WORK TO COMPLETE: Beginning at the line that contains "A ball from", reproduce the entries below exactly, ending with the line that contains "Stylized bonsai tree". Omit each picture.

SOURCE MATERIAL:
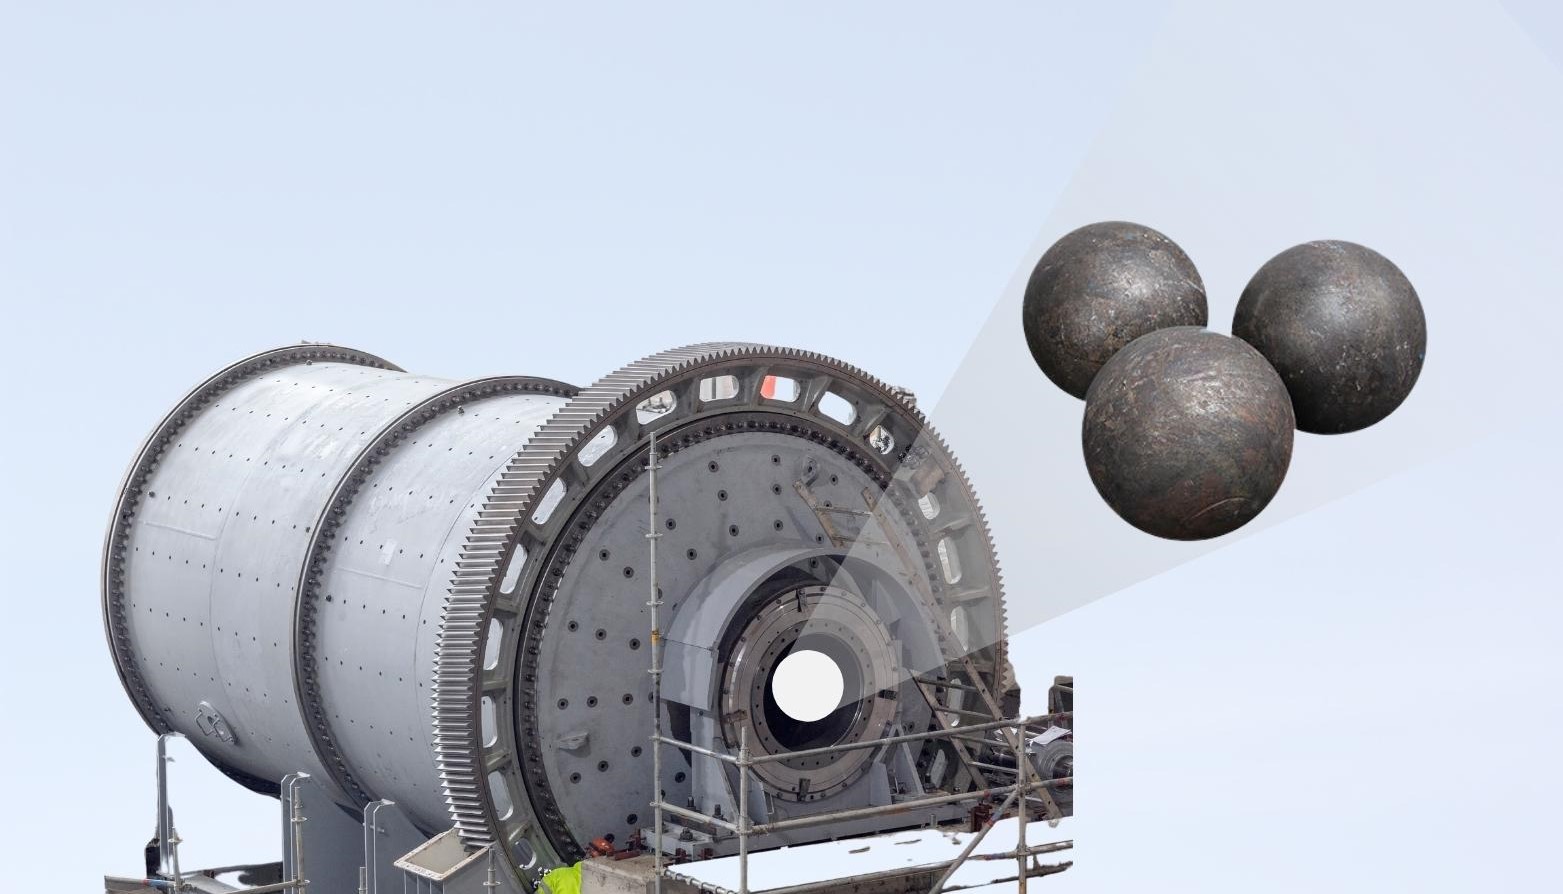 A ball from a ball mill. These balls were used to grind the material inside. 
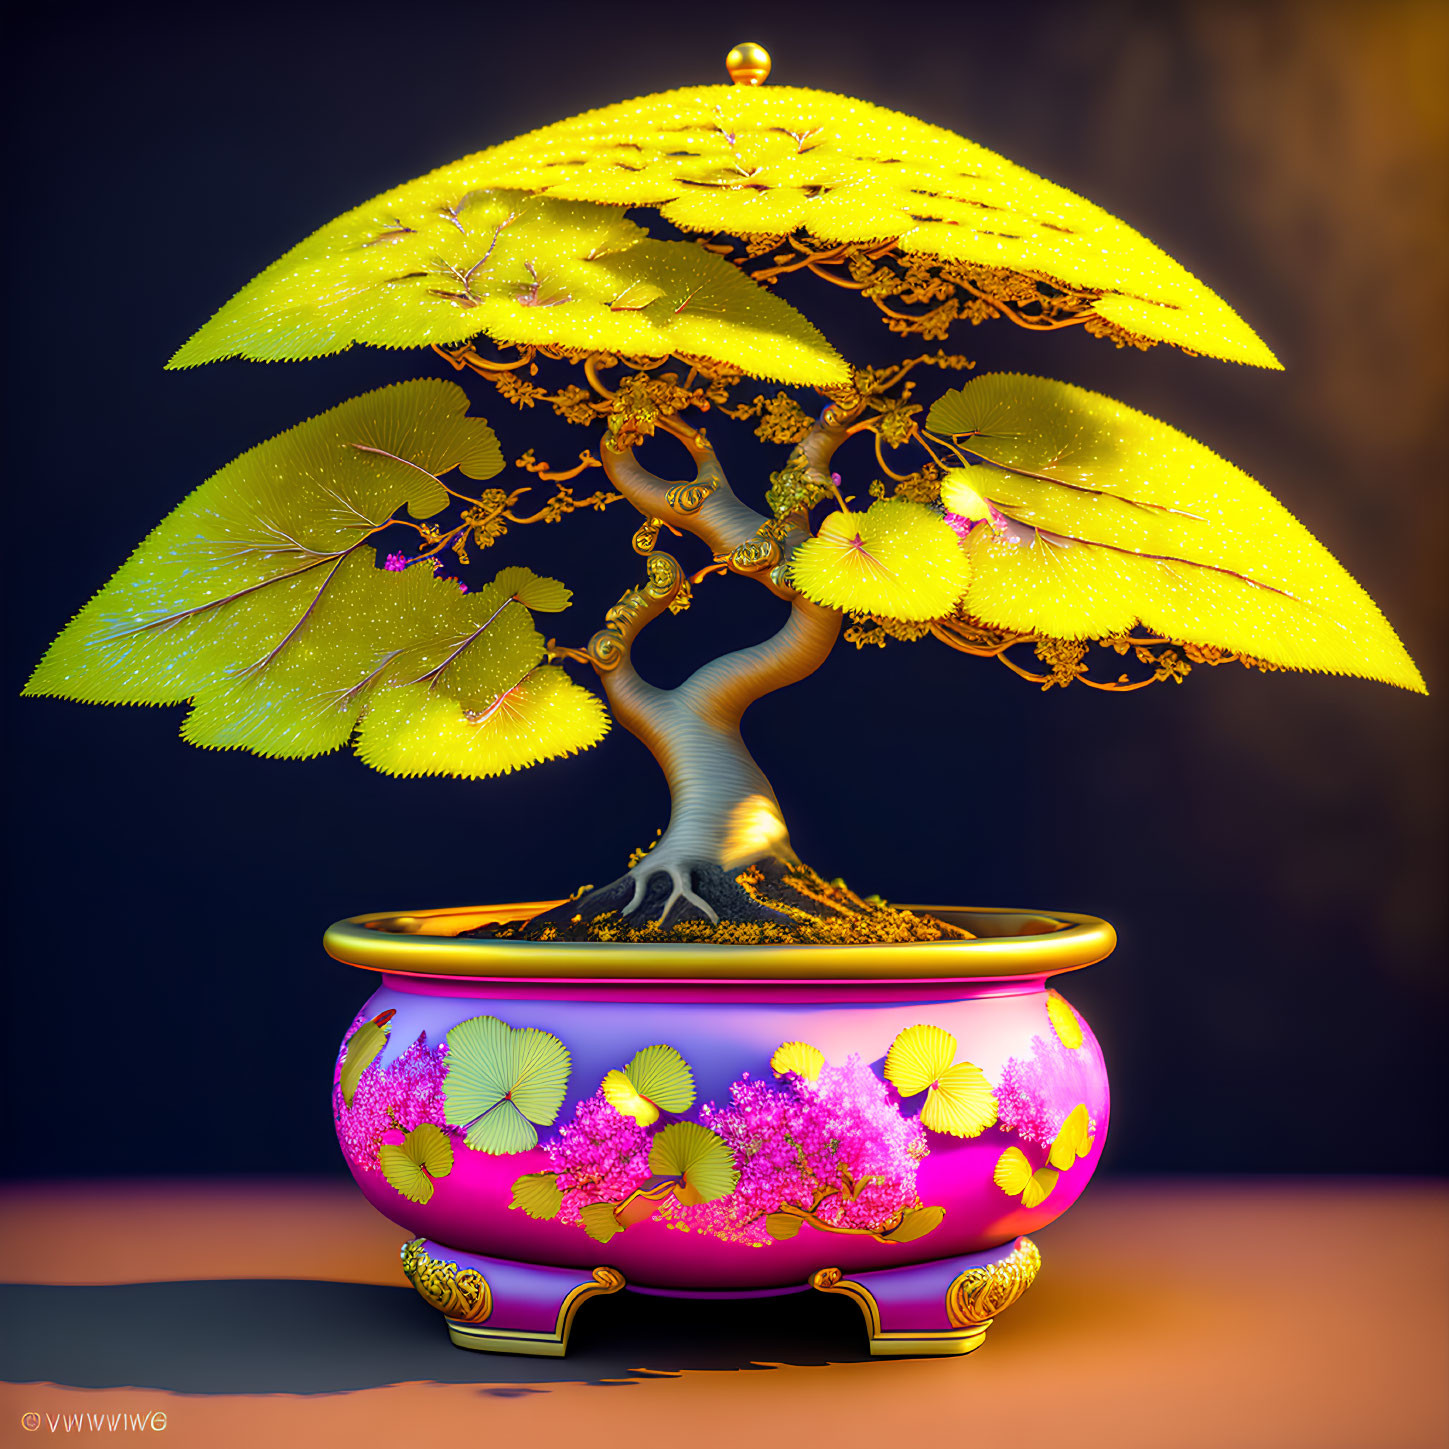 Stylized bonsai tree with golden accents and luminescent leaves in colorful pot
* * *
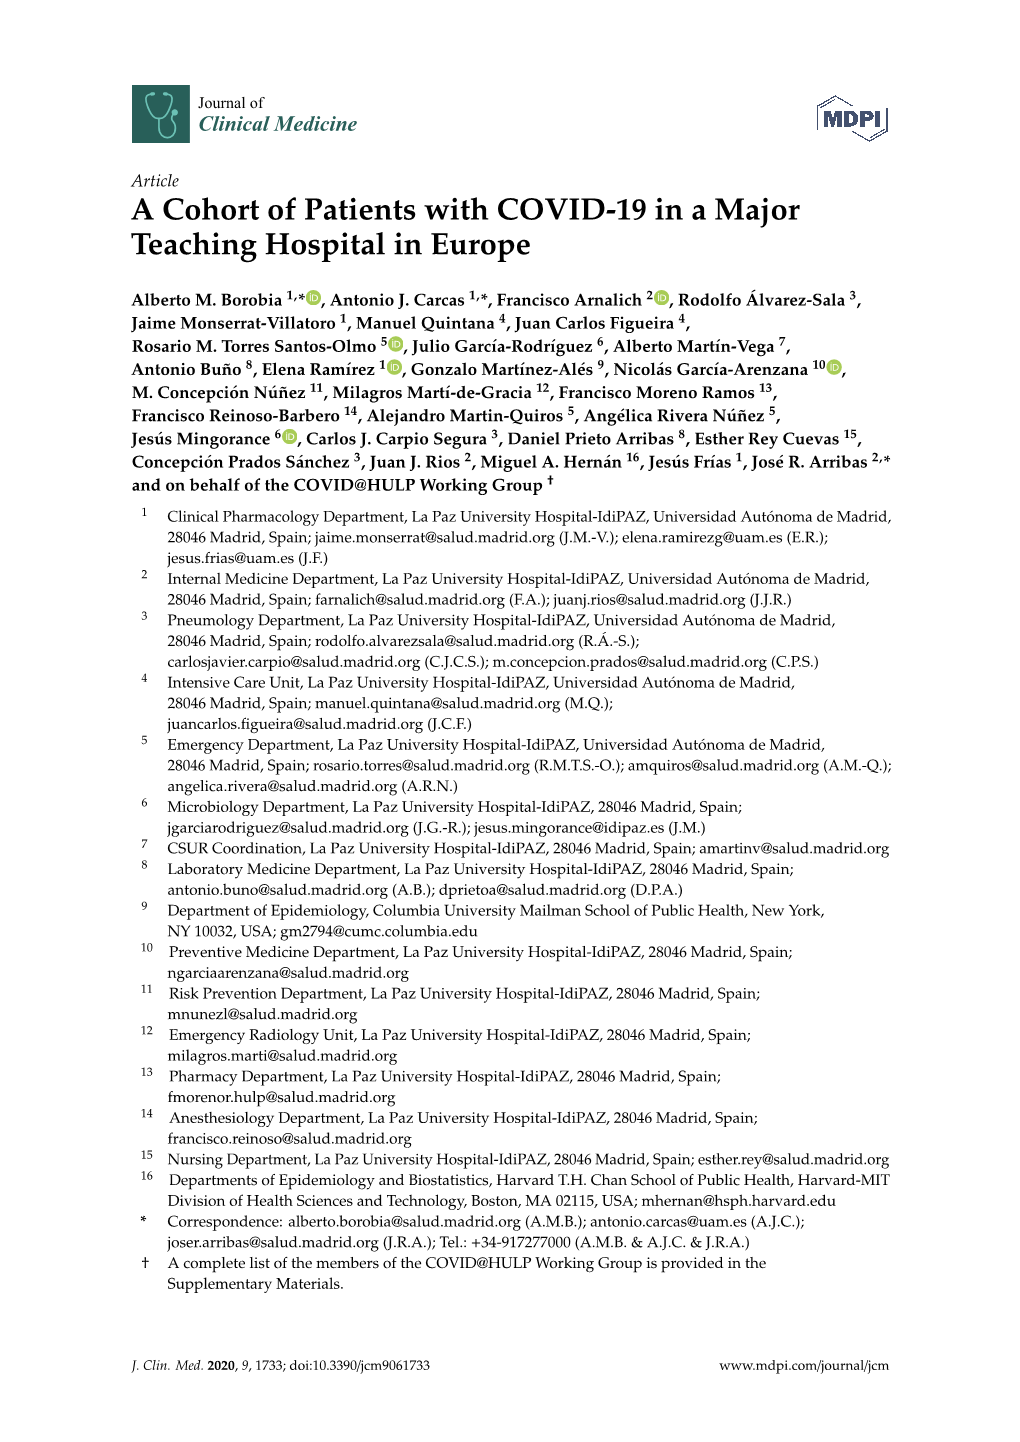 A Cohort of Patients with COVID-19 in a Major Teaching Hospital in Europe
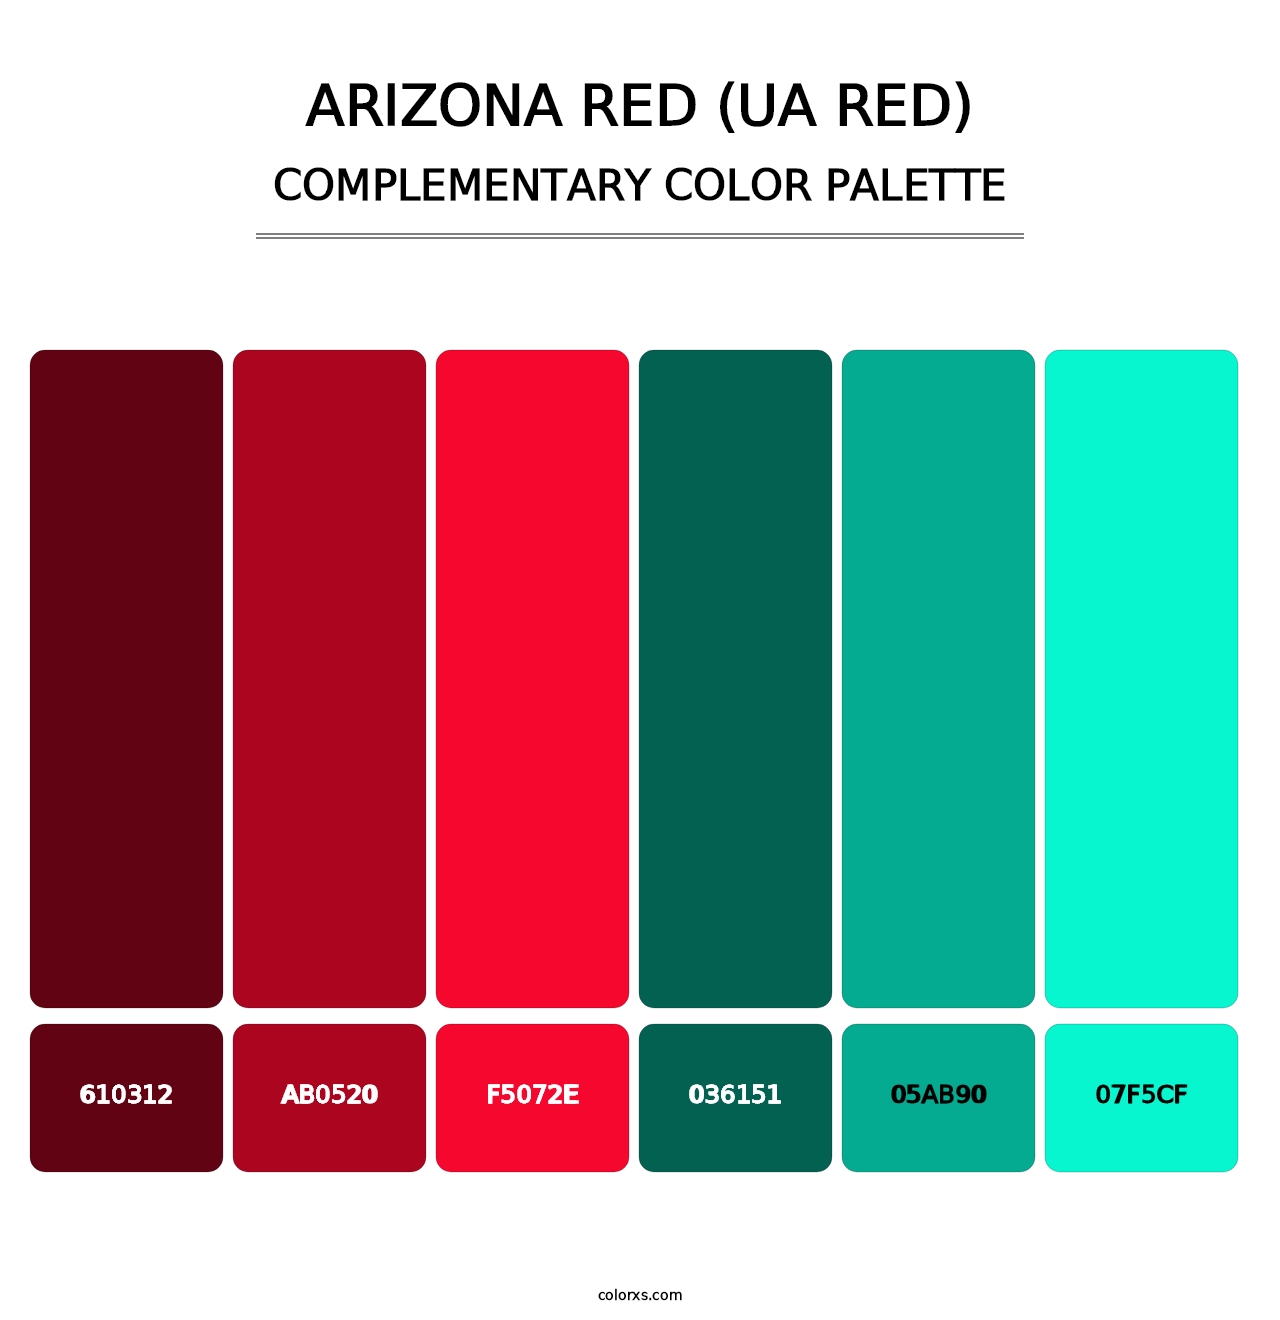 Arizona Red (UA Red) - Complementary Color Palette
--
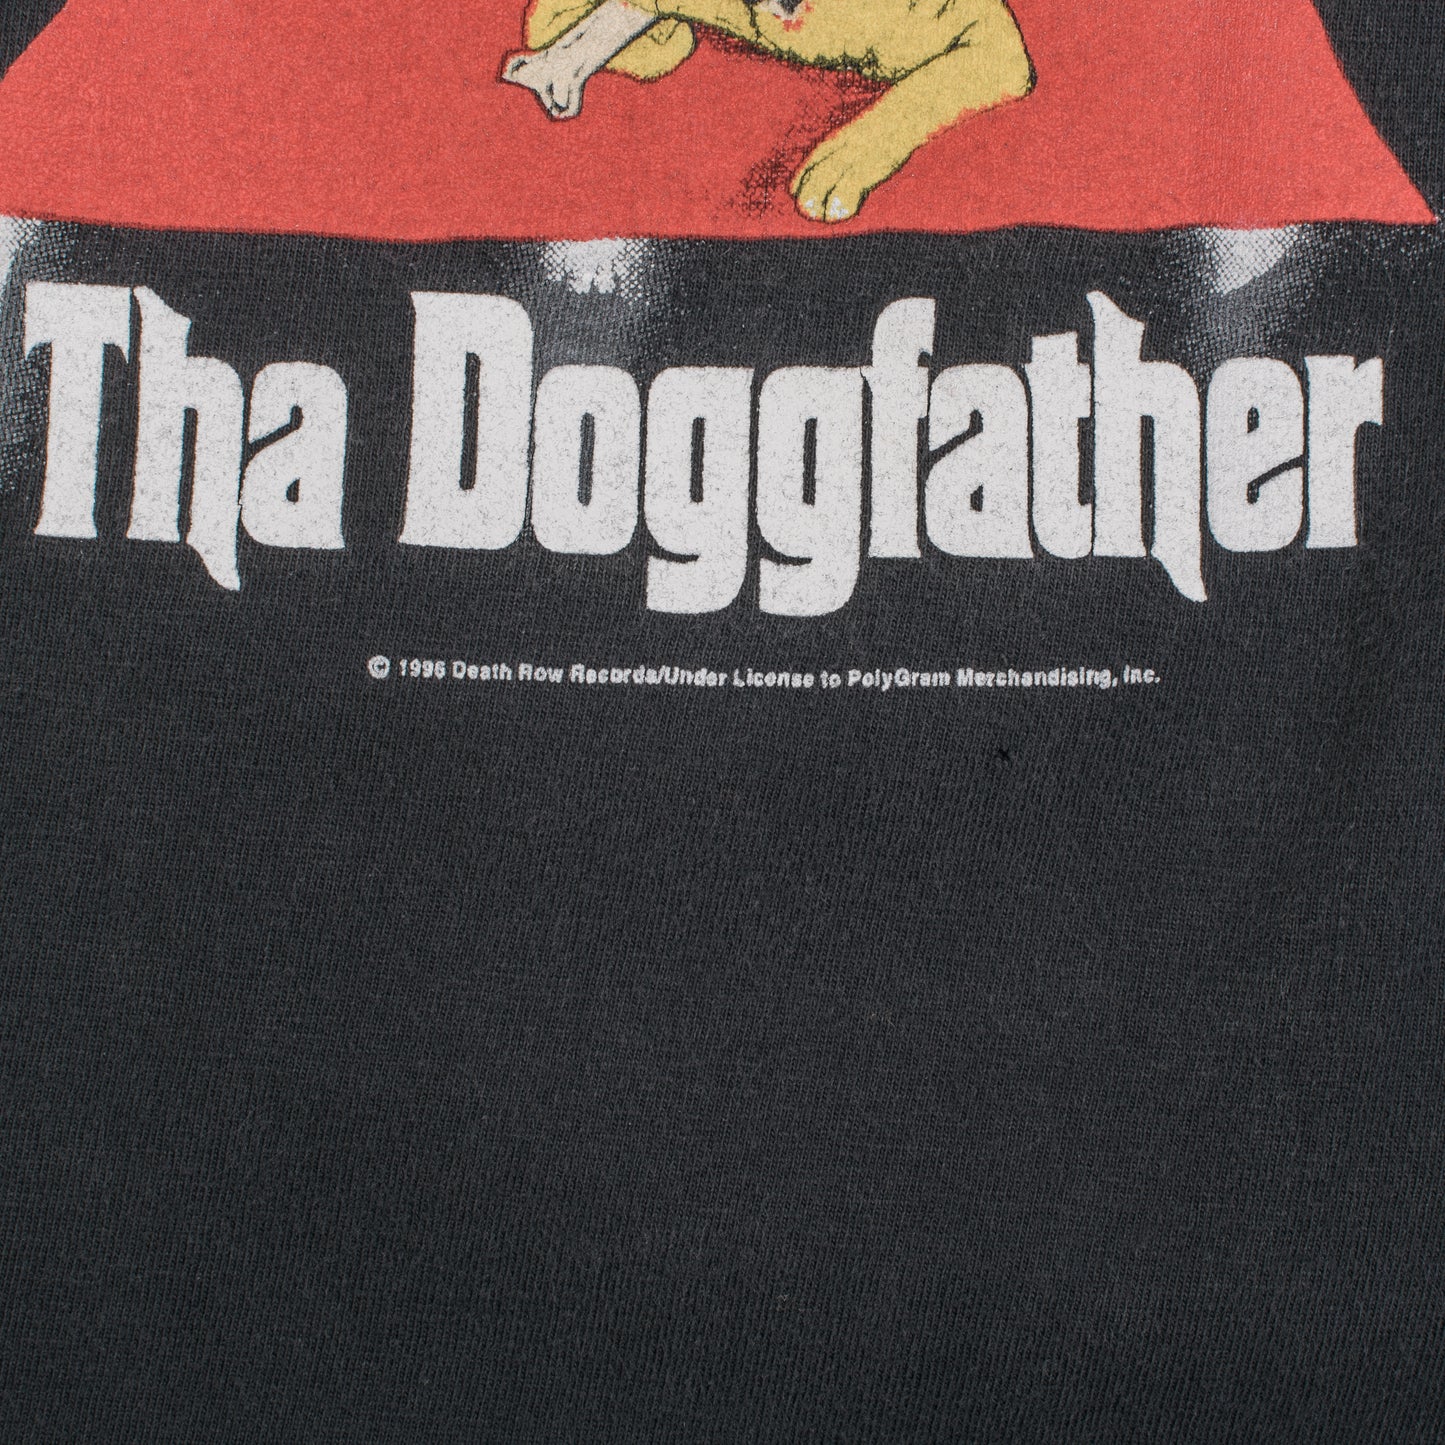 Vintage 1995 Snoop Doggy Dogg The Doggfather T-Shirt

RESULT OF THIS TASK:
 A ball from a ball mill. These balls were used to grind the material inside. 
 Stylized bonsai tree with golden accents and luminescent leaves in colorful pot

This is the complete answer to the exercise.